Give back every line of the data exactly. Pictures are not part of the copy.

DATA BLOCK:
- Opening Delimiter -

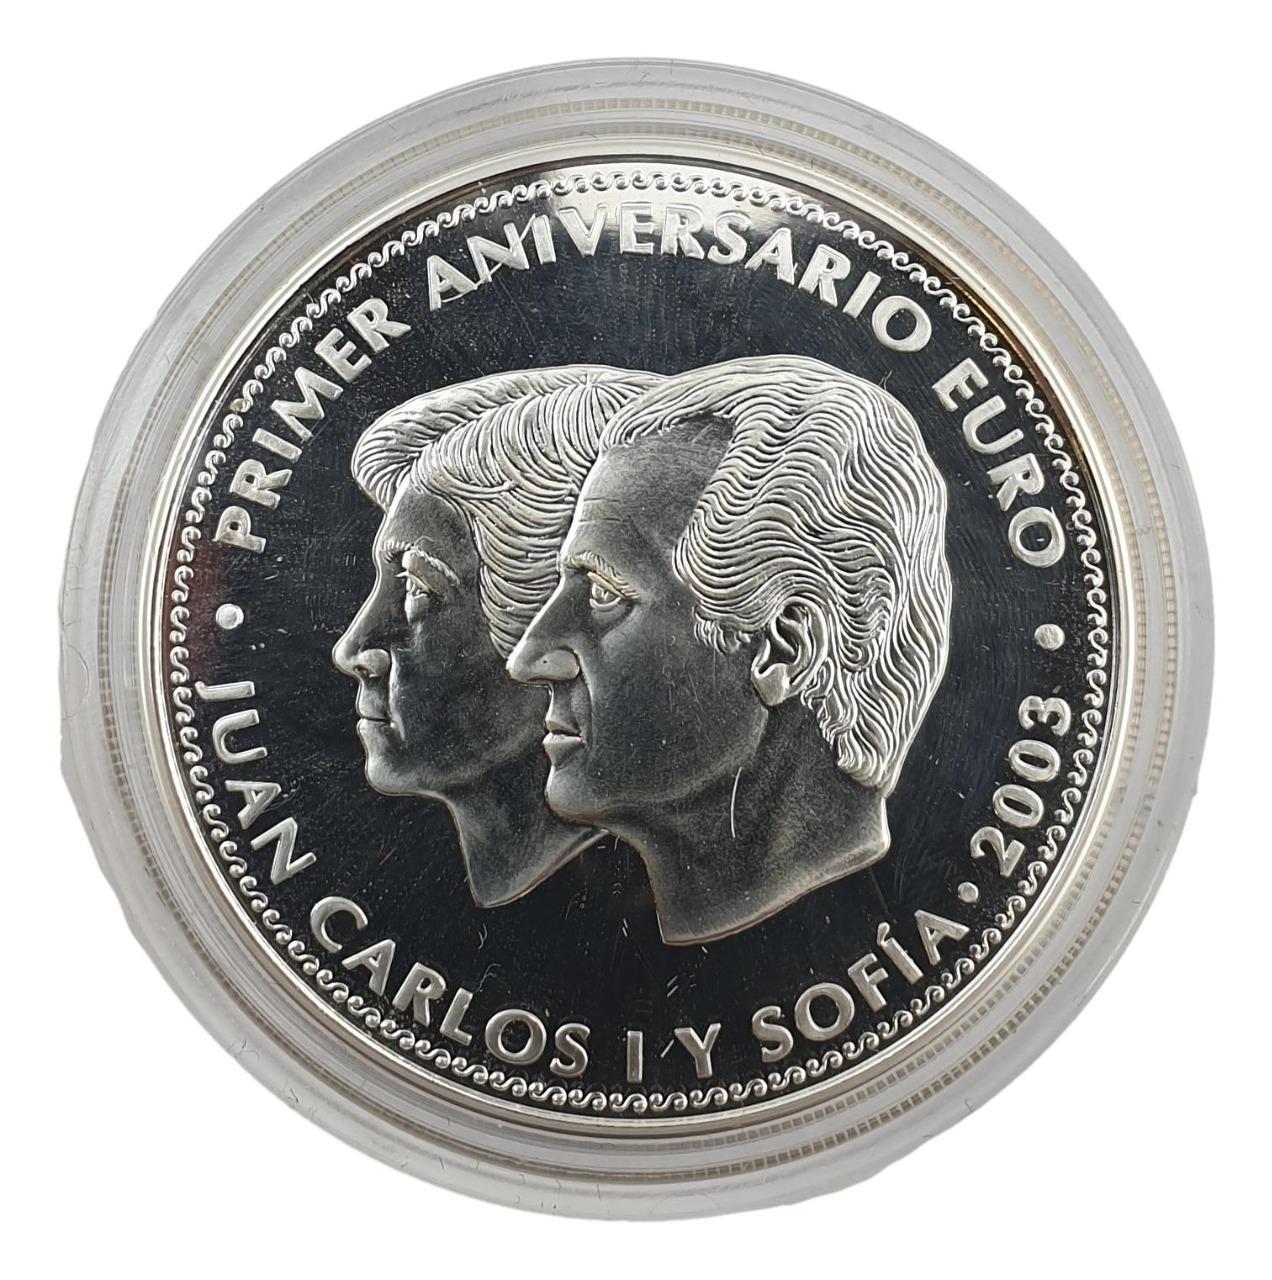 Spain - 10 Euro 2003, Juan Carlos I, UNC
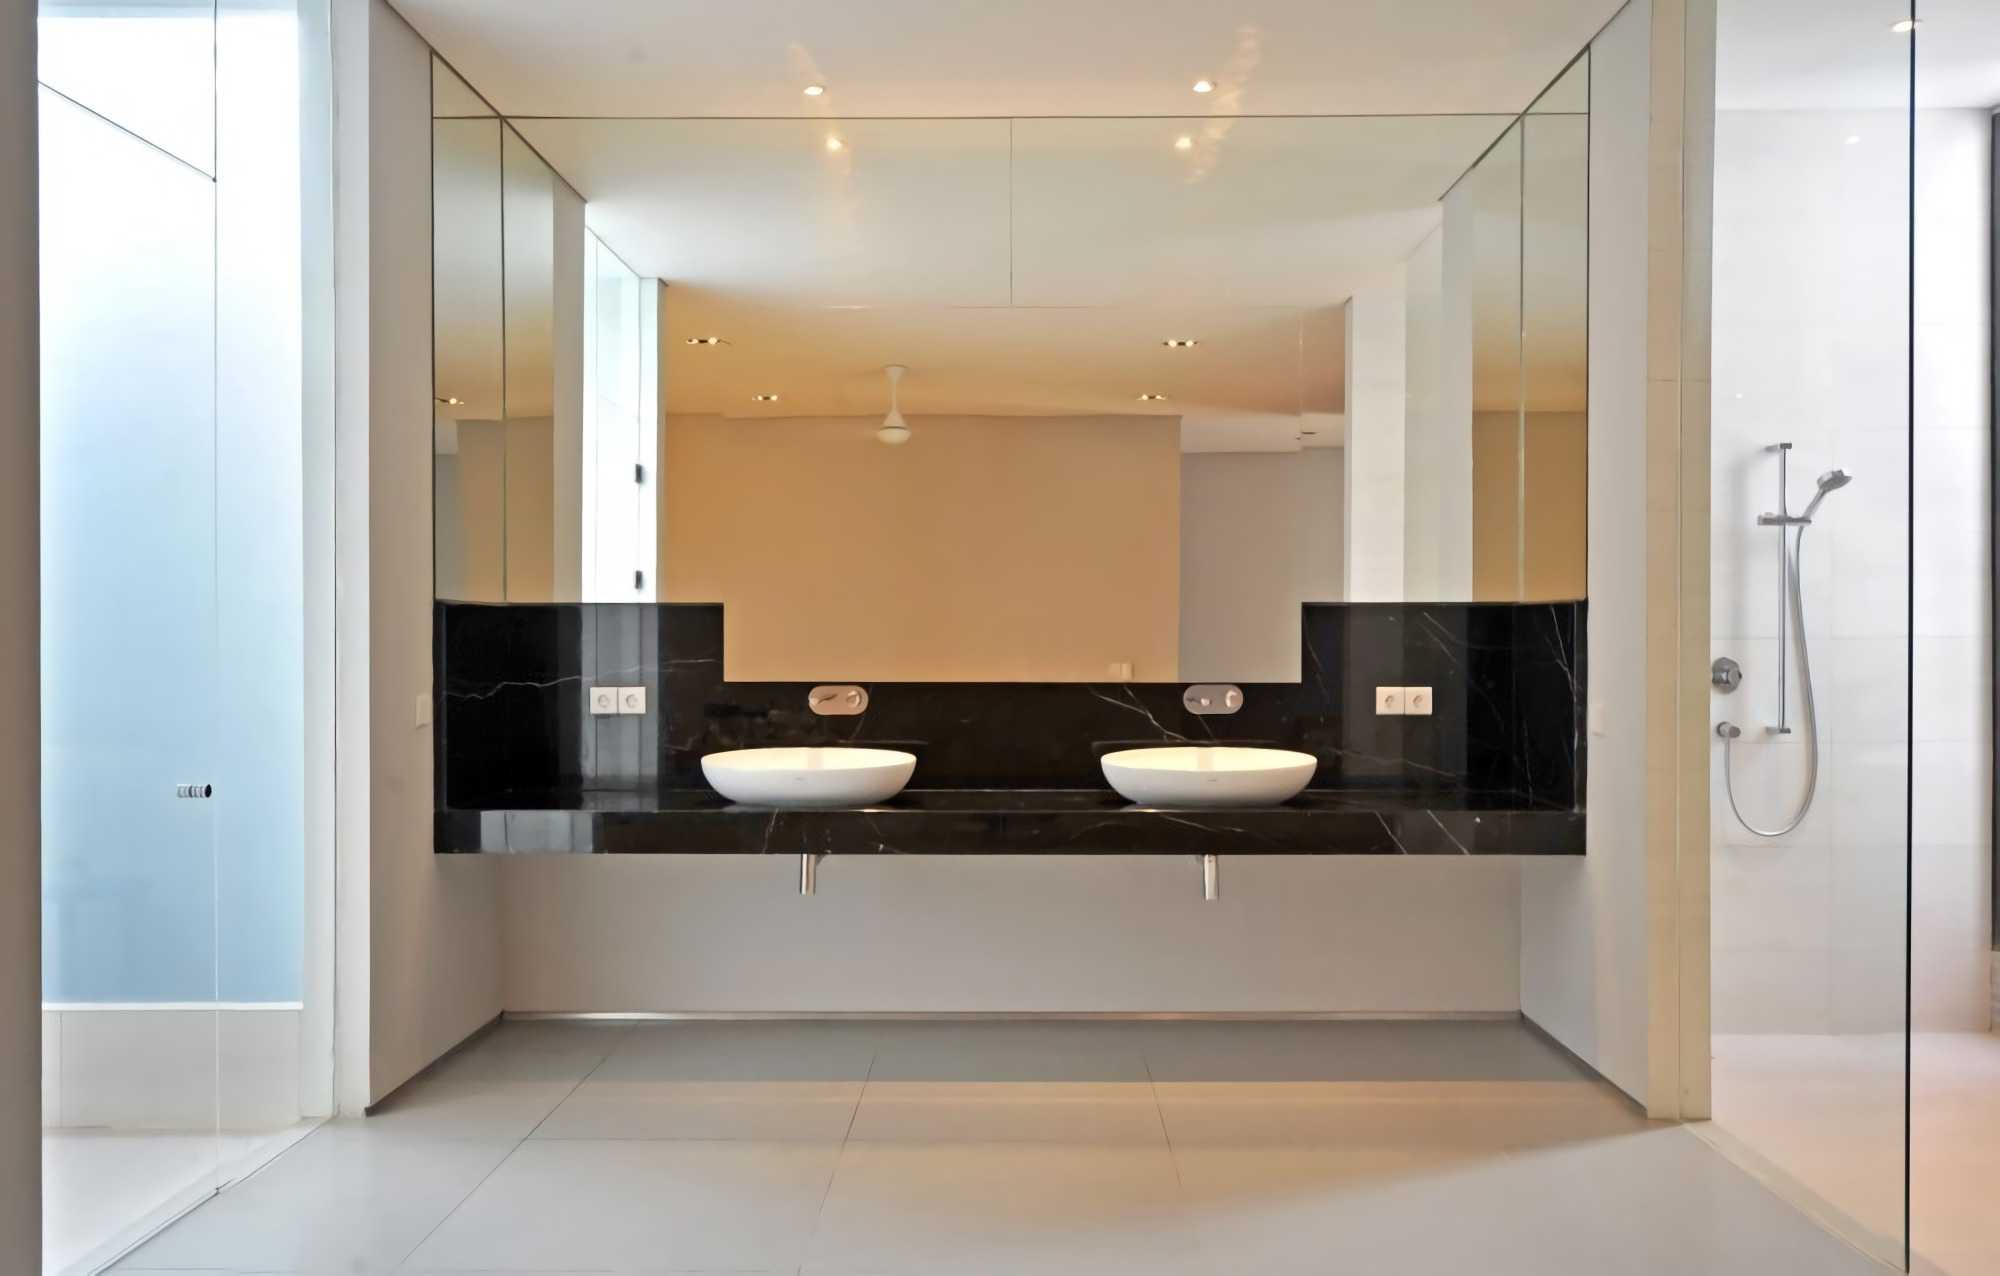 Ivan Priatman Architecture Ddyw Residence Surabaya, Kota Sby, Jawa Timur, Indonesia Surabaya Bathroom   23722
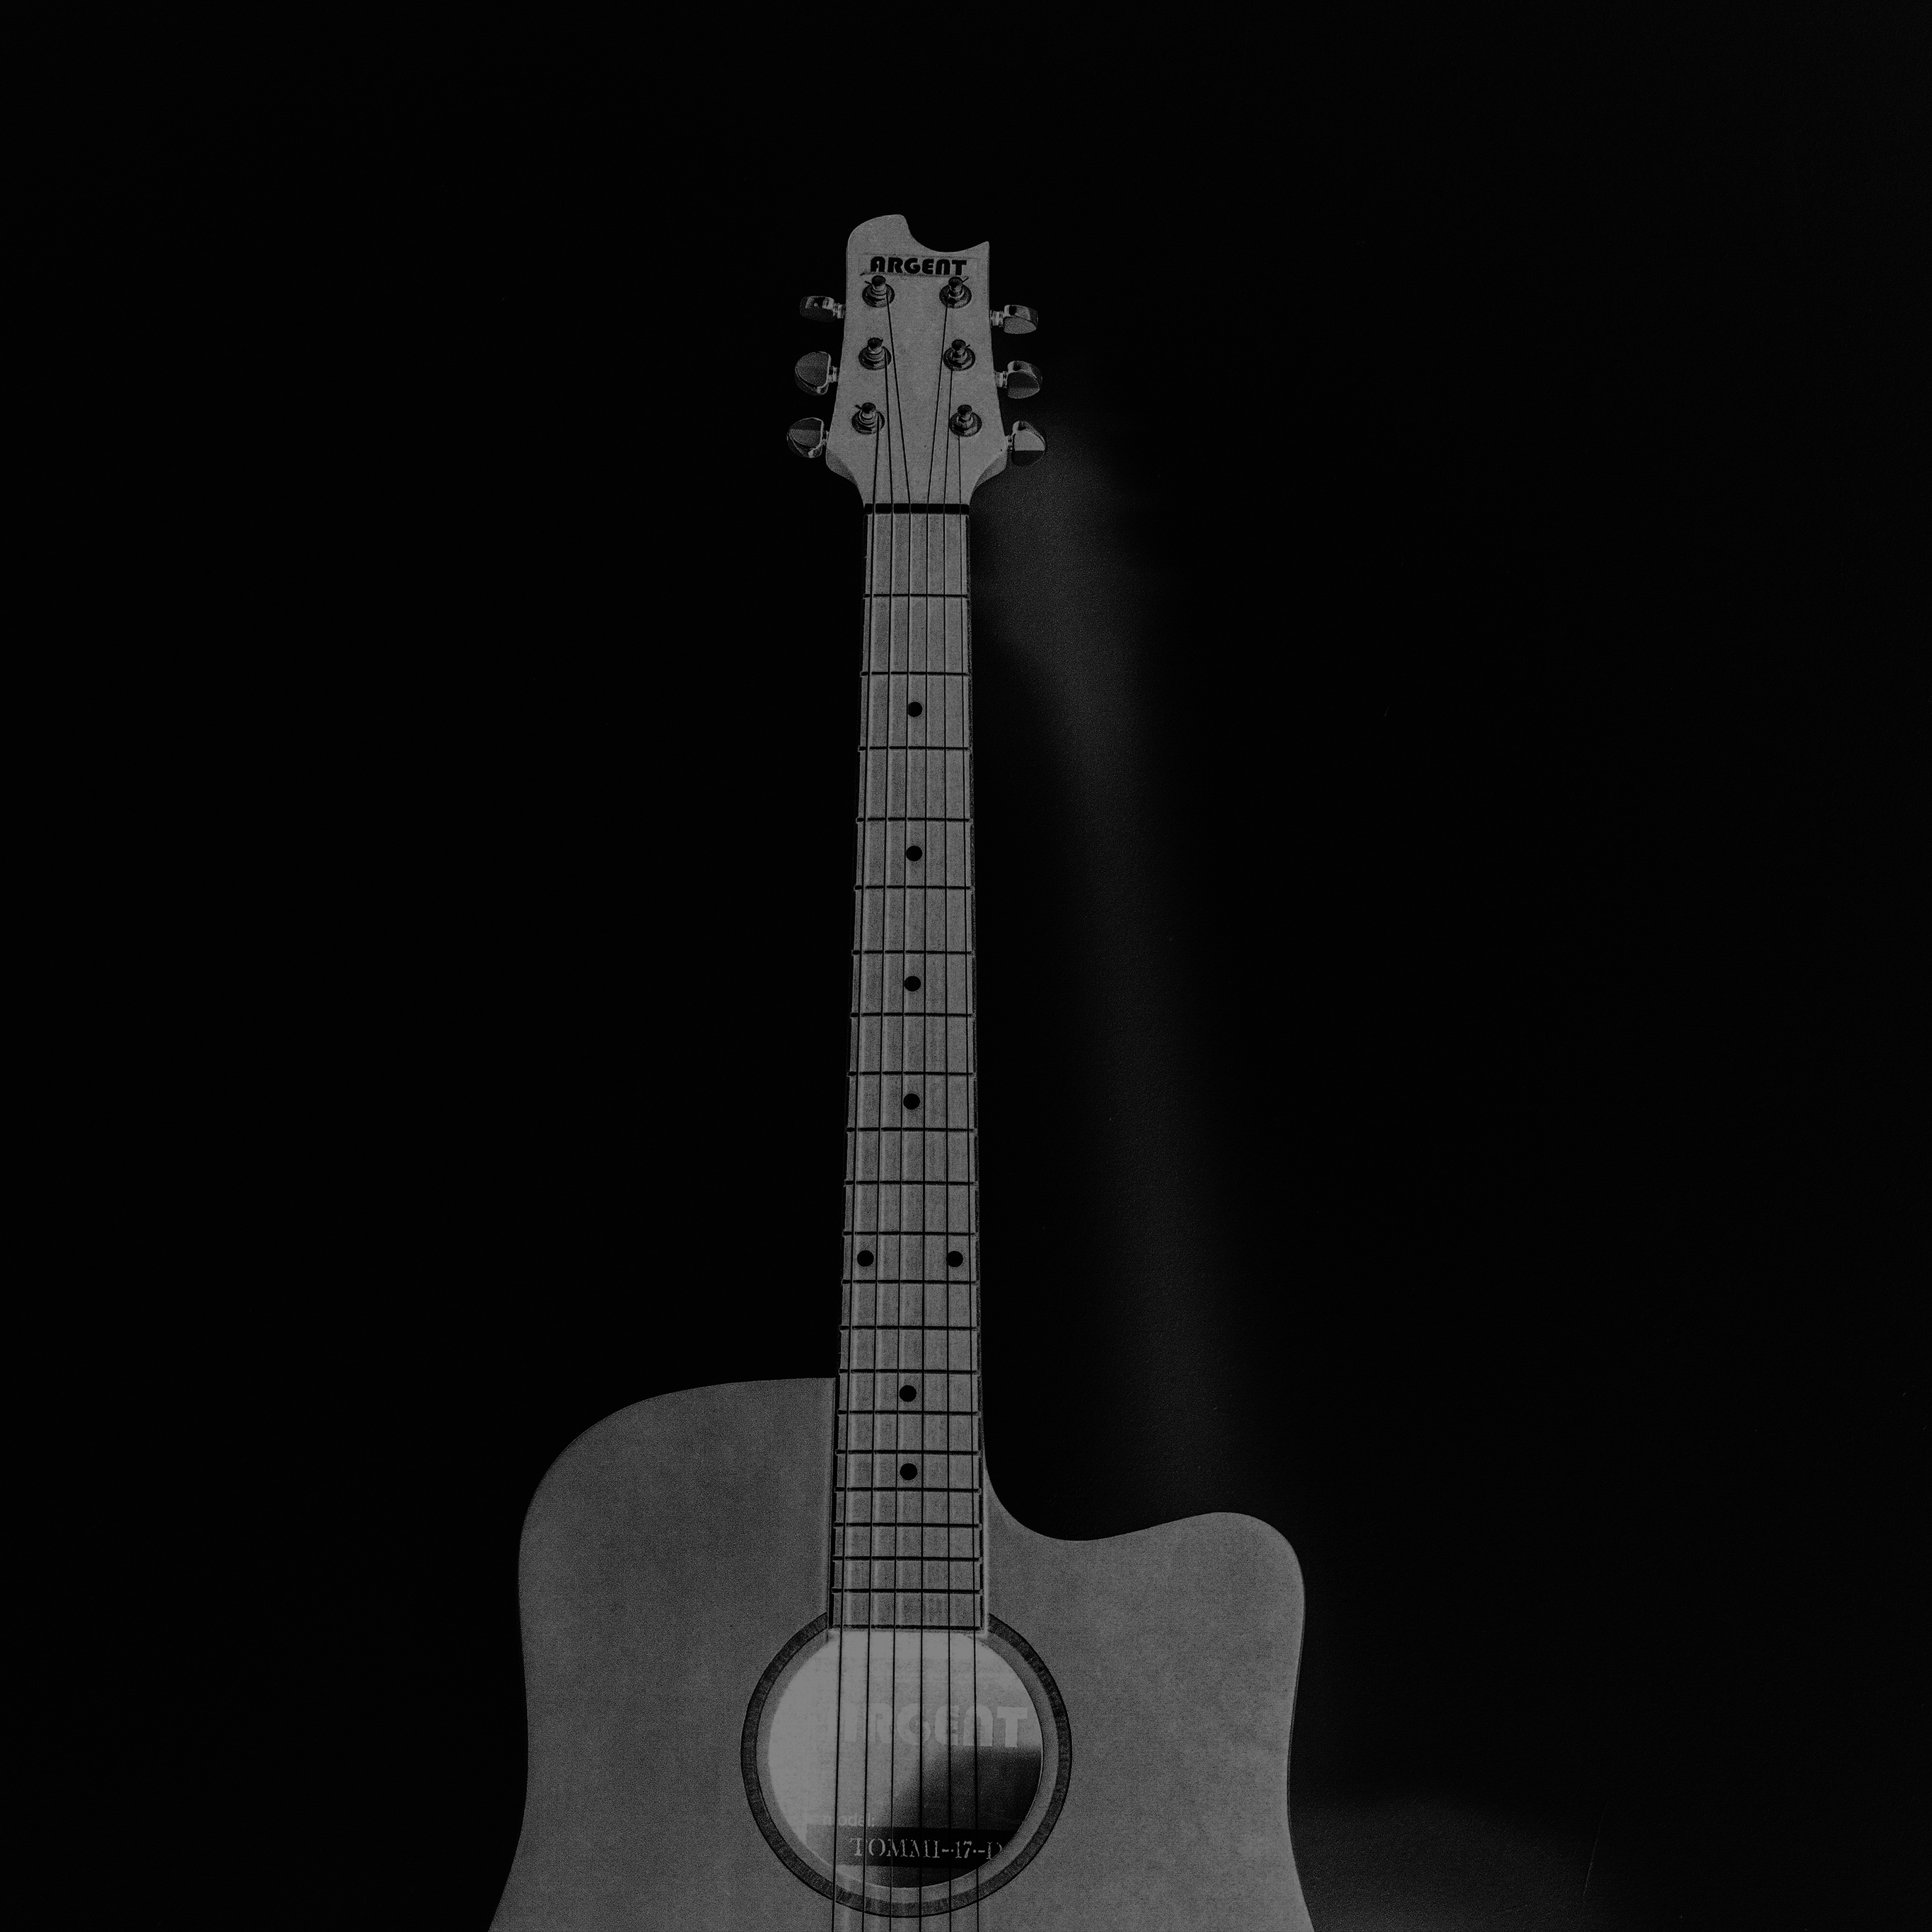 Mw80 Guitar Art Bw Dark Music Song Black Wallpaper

- Closing Delimiter -

THE ANSWER:
 Spain - 10 Euro 2003, Juan Carlos I, UNC
 Ivan Priatman Architecture Ddyw Residence Surabaya, Kota Sby, Jawa Timur, Indonesia Surabaya Bathroom   23722
 Mw80 Guitar Art Bw Dark Music Song Black Wallpaper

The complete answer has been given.